The bane of every new developers life is getting your environment set up to be productive. And when I say new developer - I don’t just mean a dev who is new to a team, but every developer who needs to work on a project they haven’t worked on before.
Each project has it’s own dependencies, required tools, required libraries, a whole swathe of things that need to be installed, and can in some cases cause problems when projects have conflicting requirements. I certainly remember having to uninstall/reinstall different tooling versions when switching projects, sometimes multiple times a day 😱.
What if there was a way to fix this? If we could instantly have a pre-configured developer machine with the right tools that we need available at the click of a button? Even better one powered by the cloud so we don’t even need to worry about the power of our local machine, or even be able to access from a tablet or phone? This is where Codespaces comes in.
GitHub Codespaces are virtual developer machines in the cloud that you access through VS Code, running either on your desktop or in a browser. You can launch any GitHub repo inside a Codespace, with everything you do running in that Codespace - your code lives there, your debug sessions run there, your terminal runs commands there, it’s as if someone teleported a dev machine into your office!
Setting up a Codespace
I’ve been recently working on a project for my team that consists of a Python app that I want to run as a Docker container, so I thought it would be fun to configure the repo for this to run inside a Codespace so when anyone else on the team wants to work on it, they won’t have any local configuration to do.
Sign up for Codespaces
Codespaces needs to be set up for a team or organization - mainly so someone can pay! Despite the claims that the best things in life are free, you do need to pay for Codespace.
Open your repo in a Codespace
The first step is to open the repo in Codespaces. From the repo in GitHub, select Codespaces from the Code button, then select New codespace.
This will set up your code in a new Codespace - essentially a blank VM using a default image from GitHub. This image is based off Ubuntu, and comes pre-configured with Python. Node, Docker and other stuff. You can read up on this default image at aka.ms/ghcs-default-image.
This image contains almost everything I need - the tools are all installed, and VS Code is running with my code in it.
My code is in Python, and this image comes with Python 3.8 installed. It means I can create a Codespace, and run my code in only a few seconds!
Configure your Codespace
The good news is Codespaces are configurable - you can define the details for the container in which your Codespace runs in a
devcontainer.json file. I can use this to change the image used, configure what tools are installed, that sort of thing. The big upside of this is to ensure I have the right versions - the default container currently has Python 3.8 installed, but I can create a devcontainer file to set another version.

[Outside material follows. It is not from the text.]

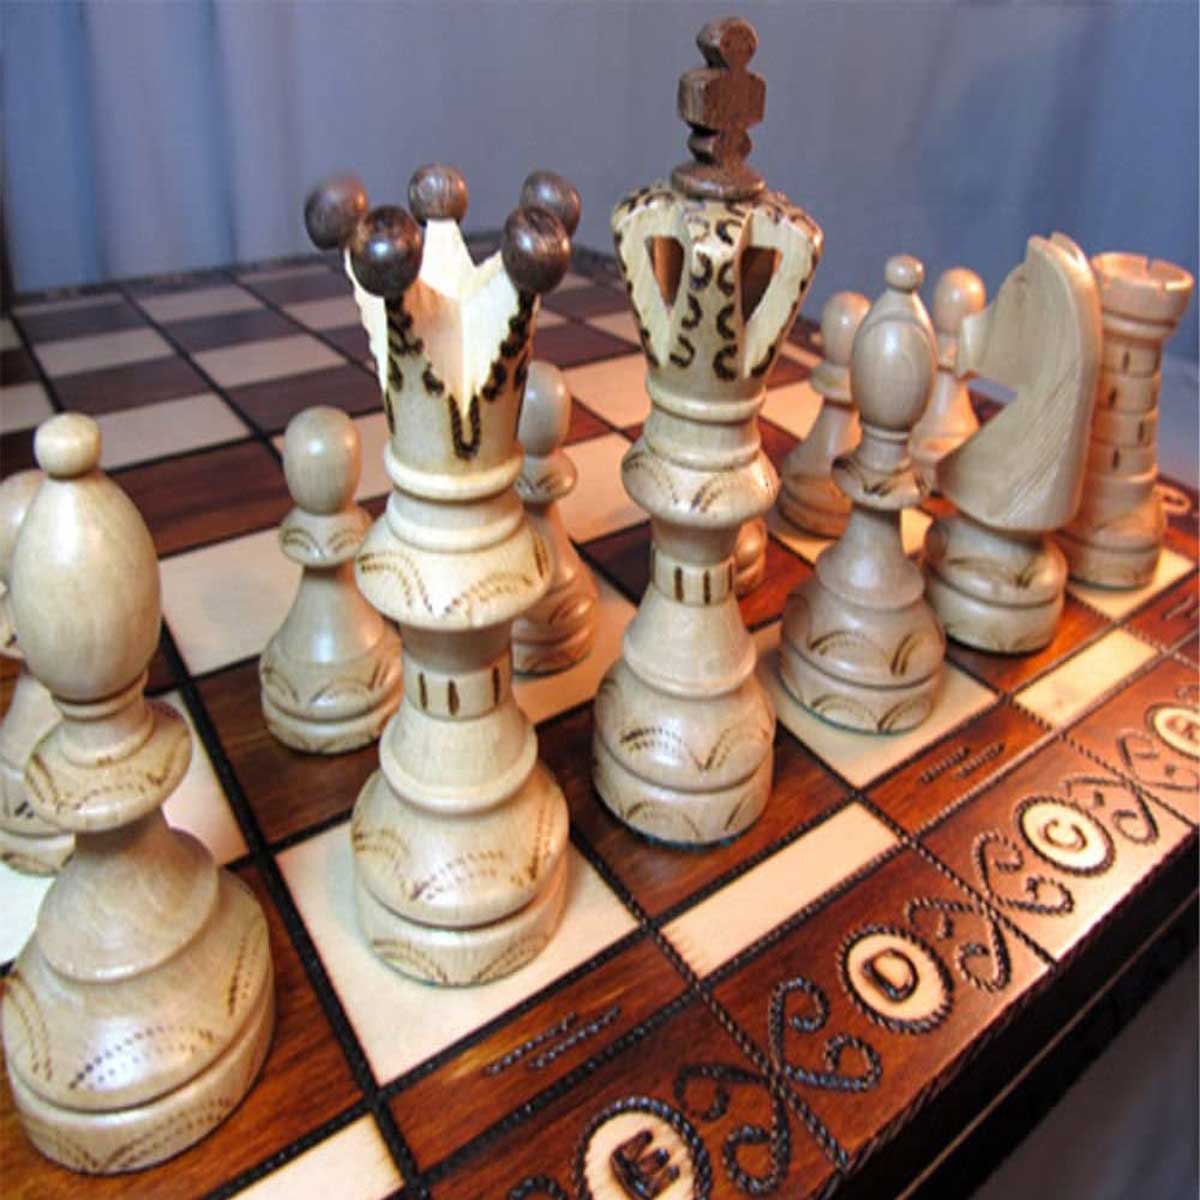 Juego de ajedrez en madera

I’ll start by creating a devcontainer file. The Codespaces extension is installed for you in VS Code, so you can use the command palette to access options to configure the devcontainer file.
I started by selecting Codespaces: Add Development Container Configuration Files….
From there I selected From a predefined container configuration definition… to use a pre-defined image. I could also use any container I have in my container registry.
From the images I chose a Python 3 image, and selected Python 3.10.
I then had an option to add a Node version, so selected None as I don’t want Node.
Next I could select features to pre-install. I selected Docker as I need support for that.
2 things now happen. 2 new files are created in my explorer,
Dockerfile in a folder called
.devcontainer, and a toast will popup suggesting I rebuild the container. When I do this, Codespaces will restart with a new image based off my selections. It takes a while the first time as the container needs to be built.
The devcontainer.json file directs the Codespace to use the Dockerfile that was created to define the image. It then includes things like a list of extensions that VS Code will need - in my case PyLance.
"extensions": [ "ms-python.python", "ms-python.vscode-pylance" ],
I could and any more extensions here if I wanted, such as the Docker extension.
I could also edit these files to create a virtual environment, install Python packages, that sort of thing - though I’m not sure I’d need a virtual environment as my container will only be used to develop from this repo, so I could install packages globally and not worry.
Check in your files
Once you are happy with your dev container setup, you can then check the .devcontainer folder and all it’s contents into your repo. This will then be used by anyone who creates a Codespace for your repo!
If you want to learn more, check out the Codespaces docs - docs.github.com/codespaces. There was also some great videos on it from GitHub Universe, this particular one by Allison Weins and Bailey Brooks works through the configuration of Codespaces.